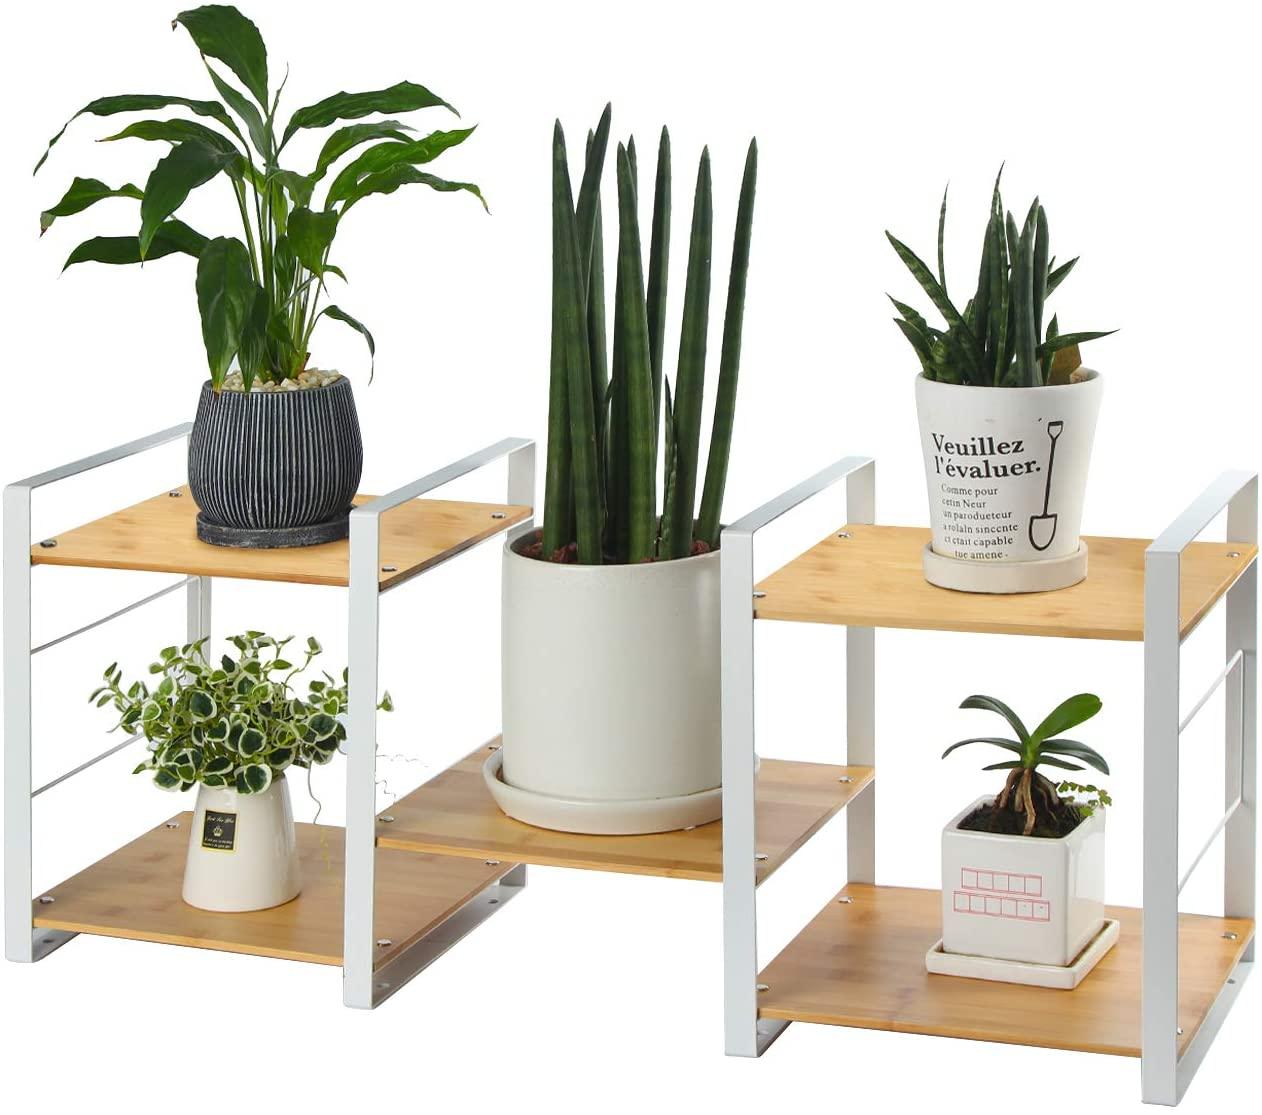 J JACKCUBE DESIGN - Multi Tier Bamboo Plant Stand Planter Rack Adjustable Flower Succulent Shelving Unit Stylish Indoor & Outdoor Garden Patio Pots Holder Display (White)- MK506B
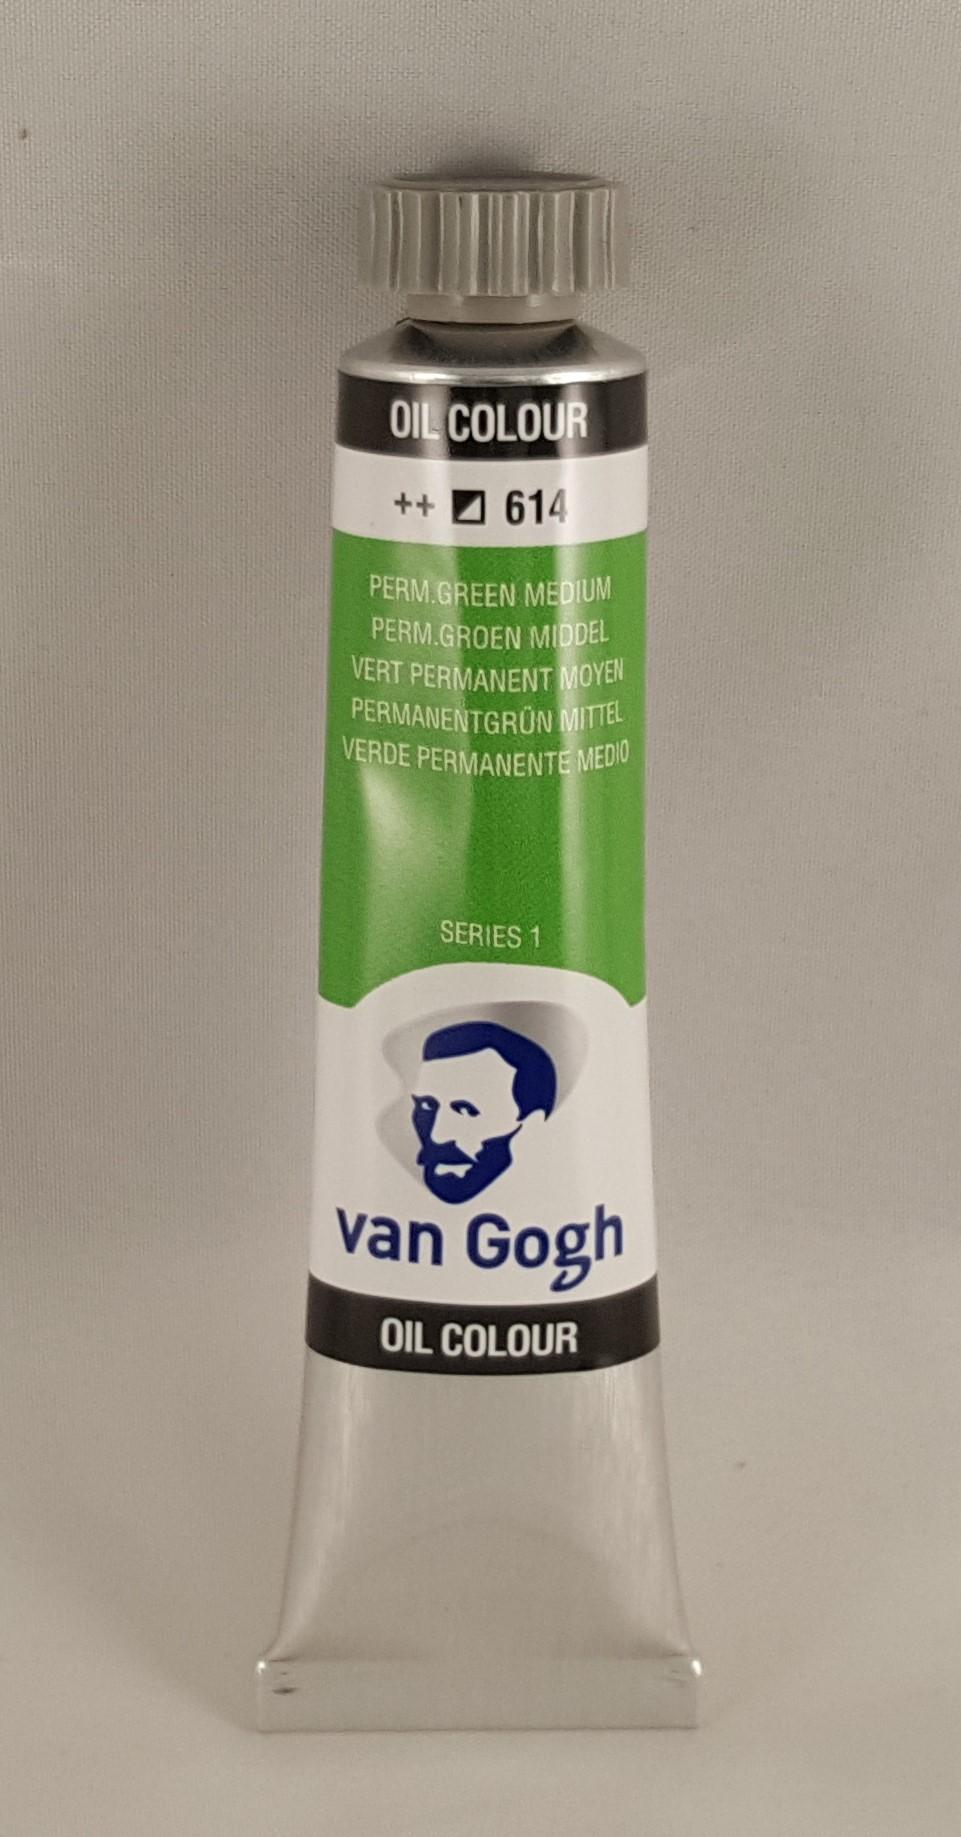 Tinta de óleo Van Gogh perm. green medium
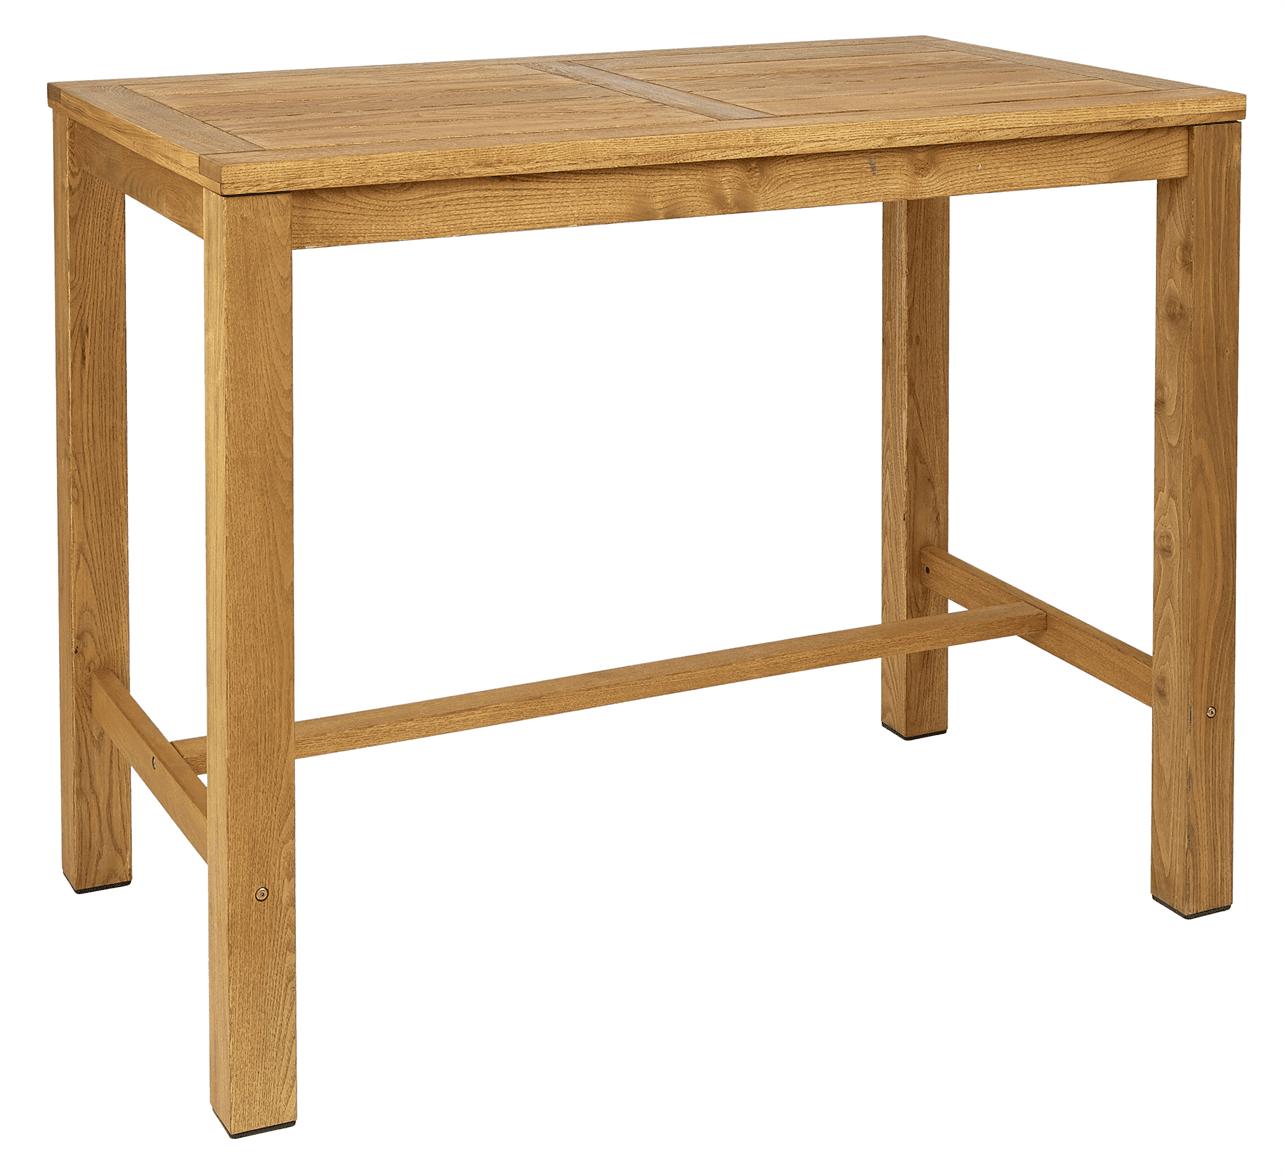 Quad rectangular bar table 1400 x 800mm

**EXERCISE DIRECTIONS:** Copy out the listing word for word and skip its pictures.

**ANSWER SPACE:**
 J JACKCUBE DESIGN - Multi Tier Bamboo Plant Stand Planter Rack Adjustable Flower Succulent Shelving Unit Stylish Indoor & Outdoor Garden Patio Pots Holder Display (White)- MK506B
 Tinta de óleo Van Gogh perm. green medium
 Quad rectangular bar table 1400 x 800mm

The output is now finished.